- Born: 25 February 1975 Madrid, Spain
- Occupations: Fitness Expert, Personal Trainer, Speaker, Medical Consultant
- Years active: 1993-Present
- Height: 6ft (183 cm)
- Website: http://www.superbodysuperbrain.com

= Michael Gonzalez-Wallace =

Michael Gonzalez-Wallace (born February 25, 1975, in Madrid) is a personal trainer who developed a fitness programme called Super Body, Super Brain.

==Personal Trainer==
In 2002 Gonzalez-Wallace became a personal trainer and created the exercise program Super Body, Super Brain, a mind-body exercise program incorporating fitness with neuroscience along with a physician-endorsed workout regimen. Over the past ten years he has created workout and fitness plans for top magazines across the United States. O magazine, [MSNBC|MSNBC.com], Redbook, and Prevention magazine among others.

==Background==

Michael Gonzalez-Wallace played semi-pro basketball in Spain, where his team, Club Estudiantes de Baloncesto, won the Spanish National Competition.
He graduated from the Autonomous University of Madrid.

In 2002, he became a personal trainer for New York Sports Club.

==Books and DVDs==
In 2006 Gonzalez-Wallace launched The Brain Muscle Workout. In
2007 he started working with a neuroscientist, John Martin, from Columbia University. He found the exercises required no coordination patterns, by challenging posture and balancing limb movement.

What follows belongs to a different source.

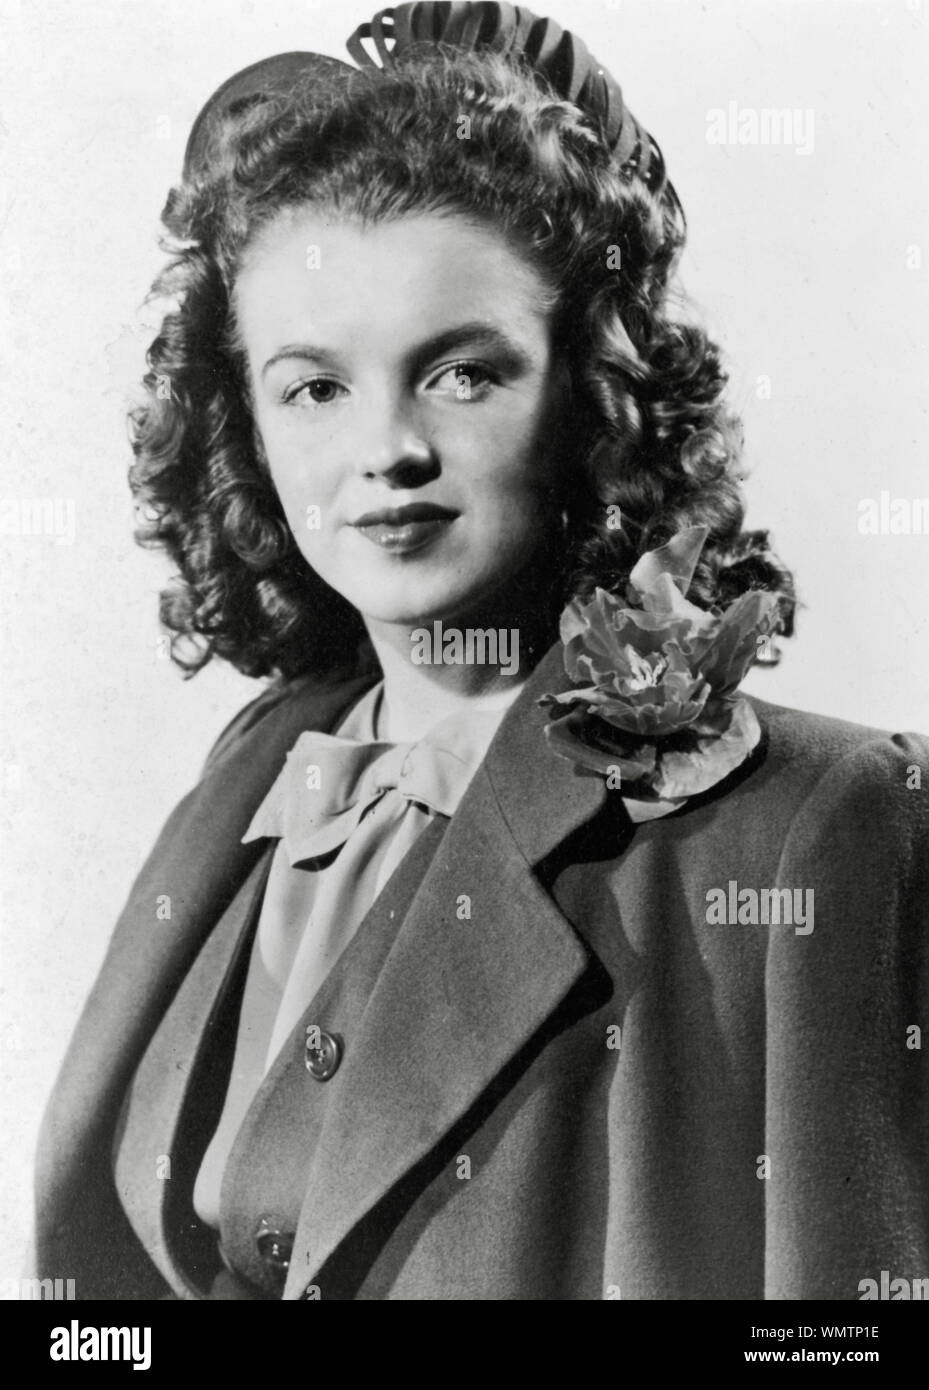 Norma Jeane Mortenson (alias Marilyn Monroe) als Jugendlicher, ca. 1941  Datei Referenz #33848-566 THA Stockfotografie - Alamy

In 2010 he published his first book with Harper One, Super Body, Super Brain that reached the Best Selling List in Amazon after being featured in CBS The Early Show.

==School Program==
In October 2008 his program was introduced to the New York City Department of Education starting with an Elementary School in the Bronx, PS 277 Michael Gonzalez-Wallace designed the individualized fitness program with the supervision of Child Psychiatrist Dr Gregory Lombardo MD, PH.D. The school fitness program incorporates intense brain activity through movements requiring balance and coordination to improve concentration and attention while performing challenging exercises. The exercises are structured to advance gradually. In January 2009 WABC-TV featured the school fitness program in their local channel.

==Hospitals==
In 2010 the Center for Parkinson and Movement Disorders at Bethesda Hospital started to use Super Body, Super Brain as part of their treatment program for Parkinson's disease. Other hospitals have used the program for their employees, while Englewood Hospital has a pilot program underway for staff and breast cancer patients.